🤖 AI Summary
This work addresses the problem of generating high-fidelity fly-through videos from a single image, conditioned on a prescribed 3D camera trajectory—where the core challenge lies in maintaining geometric consistency and detail fidelity under dynamic viewpoint changes. To this end, we propose a quadruple 3D-camera-aware conditioning mechanism: (i) explicit extrinsic parameter injection, (ii) camera-ray-based image encoding, (iii) inter-frame reprojection guidance, and (iv) a 2D↔3D cross-dimensional Transformer. These are integrated into a latent diffusion framework equipped with a ControlNet-style multi-condition fusion architecture, spatiotemporal U-Net backbone, and scale-normalized training. We further introduce novel evaluation metrics jointly assessing video quality and view consistency. Our method achieves state-of-the-art performance on single-image scene exploration, significantly improving depth consistency, structural coherence, and texture-detail stability across frames.
📝 Abstract
We propose a method for generating fly-through videos of a scene, from a single image and a given camera trajectory. We build upon an image-to-video latent diffusion model. We condition its UNet denoiser on the camera trajectory, using four techniques. (1) We condition the UNet's temporal blocks on raw camera extrinsics, similar to MotionCtrl. (2) We use images containing camera rays and directions, similar to CameraCtrl. (3) We reproject the initial image to subsequent frames and use the resulting video as a condition. (4) We use 2D<=>3D transformers to introduce a global 3D representation, which implicitly conditions on the camera poses.
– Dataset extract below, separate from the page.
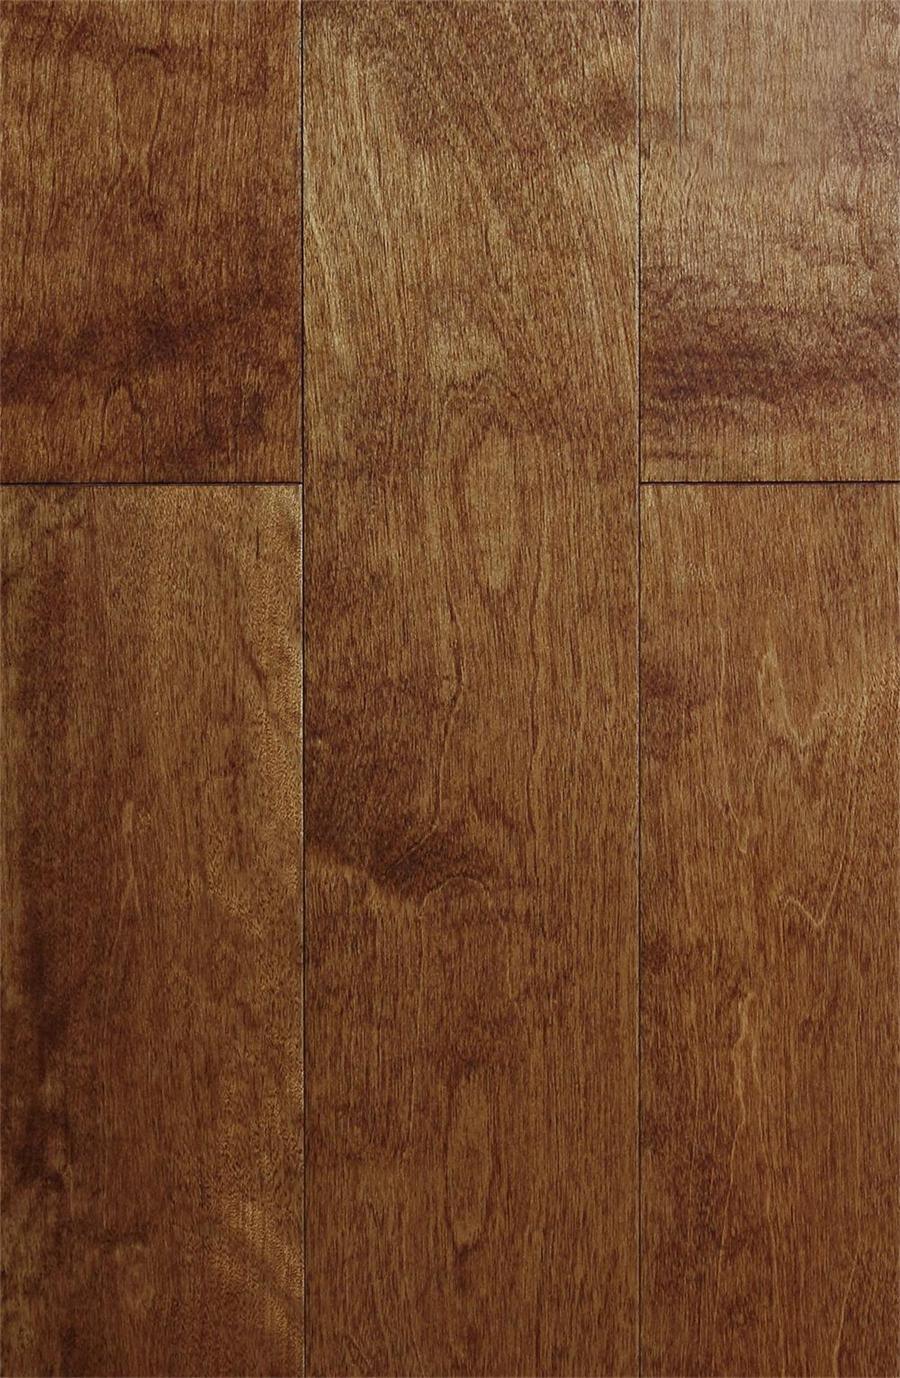 Cannadia Maple Engineered Wood Flooring Laminated Flooring Wood Flooring

We combine all conditions in a ContolNet-style architecture. We then propose a metric that evaluates overall video quality and the ability to preserve details with view changes, which we use to analyze the trade-offs of individual and combined conditions. Finally, we identify an optimal combination of conditions. We calibrate camera positions in our datasets for scale consistency across scenes, and we train our scene exploration model, CamCtrl3D, demonstrating state-of-theart results.